Tue May 4 08:28:21 EDT 2021

On 04/05/2021 12:19, Alan Gauld via Tutor wrote:
> On 04/05/2021 10:51, Alan Gauld via Tutor wrote:
>>>>> s = "Jan 31 01:33:12 ubuntu.local ticky: ERROR Tried to add
>> information to closed ticket (mcintosh)"
>>>>> start = s.index('ERROR')
>>>>> end = s.index('ticket')+len('ticket')
>>>>> s[start:end]
>> 'ERROR Tried to add information to closed ticket'
>>>>>
> 
> Following up my own post...
> 
> find() would be better than index() here since it returns -1 if not
> found - which will work on the slice to give the whole remaining string...
> 
> Also I should have included start in the second search:
> 
> start = s.find('ERROR')
> end = s.find('ticket',start)+len('ticket')
> s[start:end]

If possible I try to avoid that kind of arithmetic.
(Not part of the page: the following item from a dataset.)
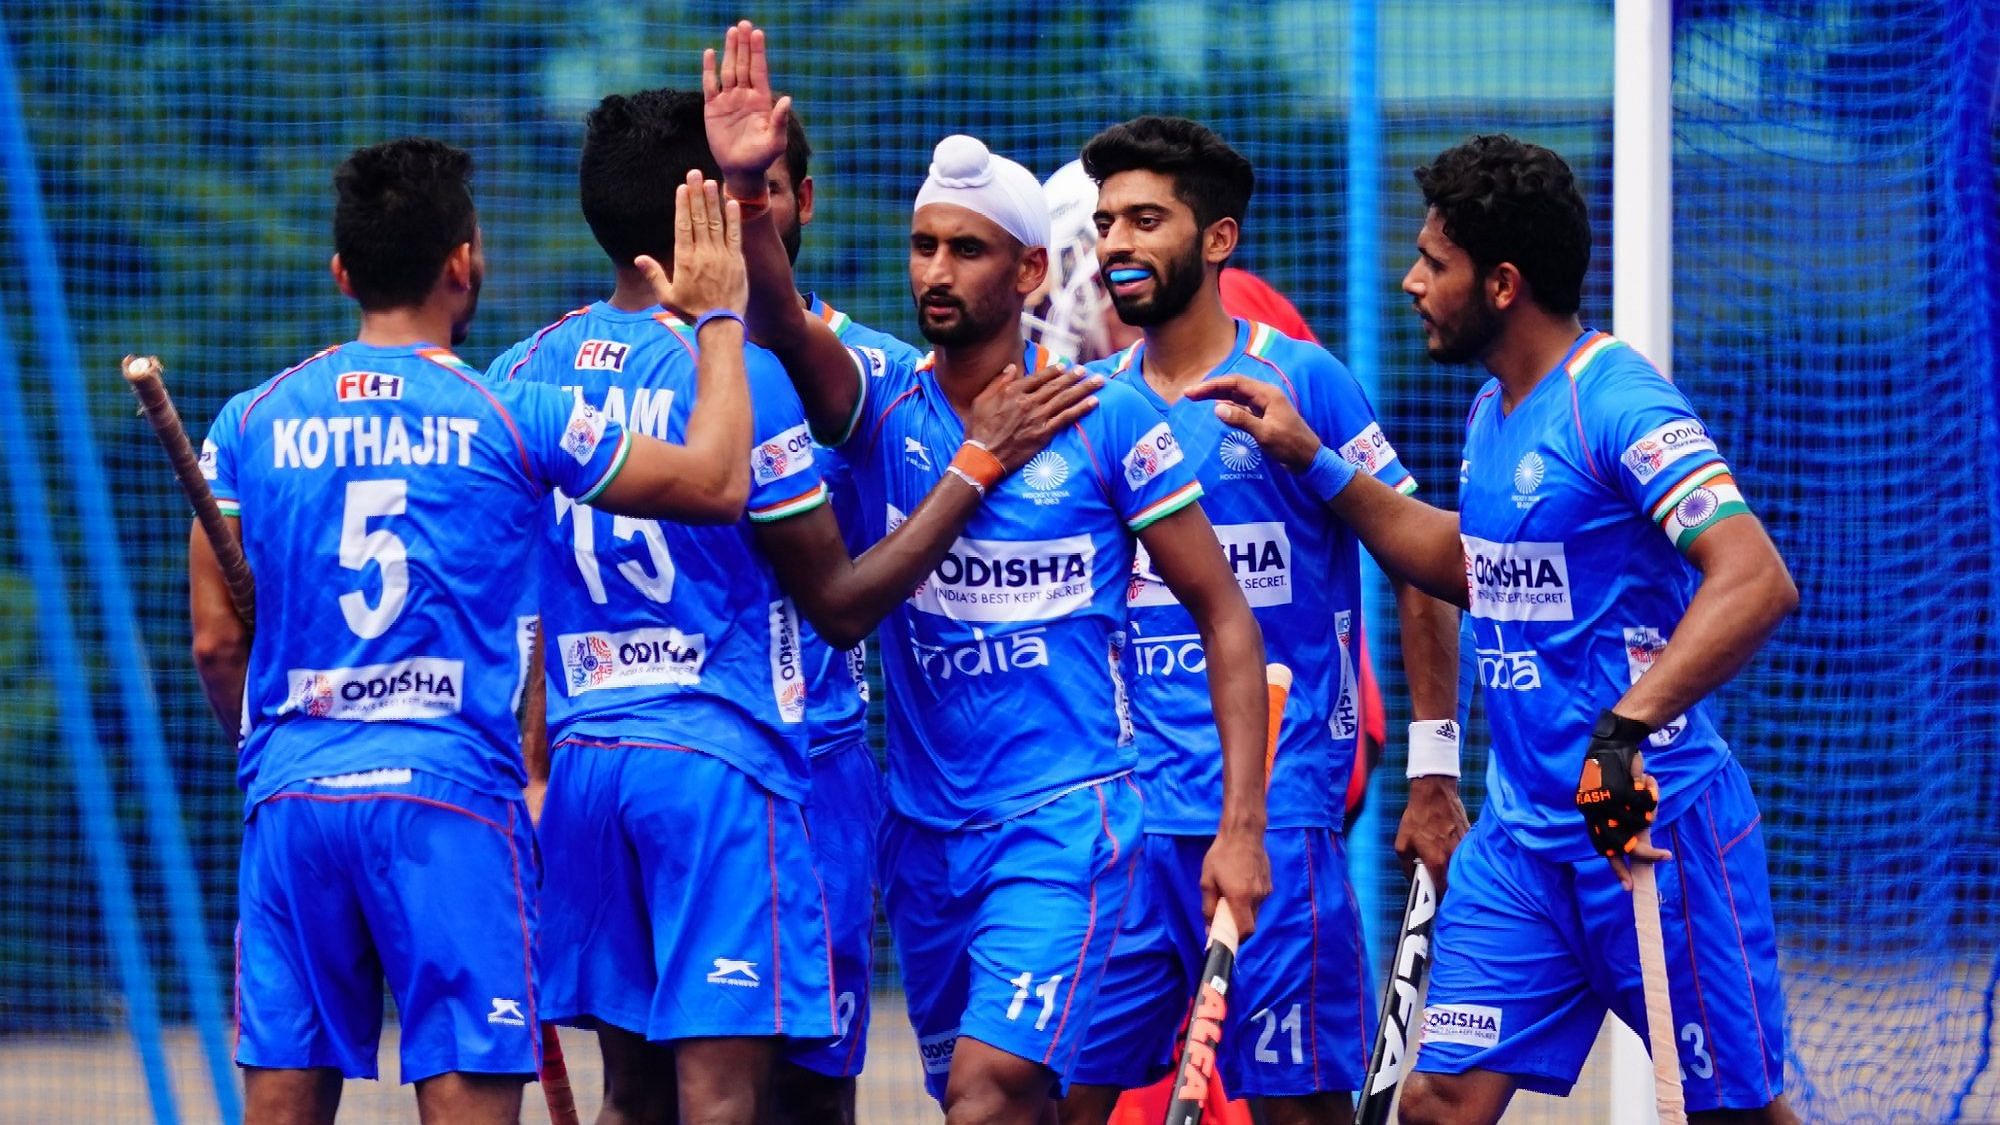 The Indian team celebrating one of their goals against New Zealand in the final.

Especially 
str.find() with its return value of -1 for unsuccessful searches is a 
bit of a bug magnet.

The following function includes the start token and returns anything 
until but not including the end token, or the rest of the string if 
there's no end token.

 >>> def span(s, start, end):
	a, b, c = s.partition(start)
	if not b: return ""
	return b + c.partition(end)[0]

 >>> span("before start ... end", "start", "end")
'start ... '
 >>> span("before start ...", "start", "end")
'start ...'
 >>> span("something else", "start", "end")
''
 >>> span("end before start ...", "start", "end")
'start ...'

 >>> s = ("Jan 31 01:33:12 ubuntu.local ticky: ERROR "
          "Tried to add information to closed ticket "
          "(mcintosh)")
 >>> span(s, "ERROR", "(")
'ERROR Tried to add information to closed ticket '
 >>> _.strip()  # get rid of enclosing whitespace
'ERROR Tried to add information to closed ticket'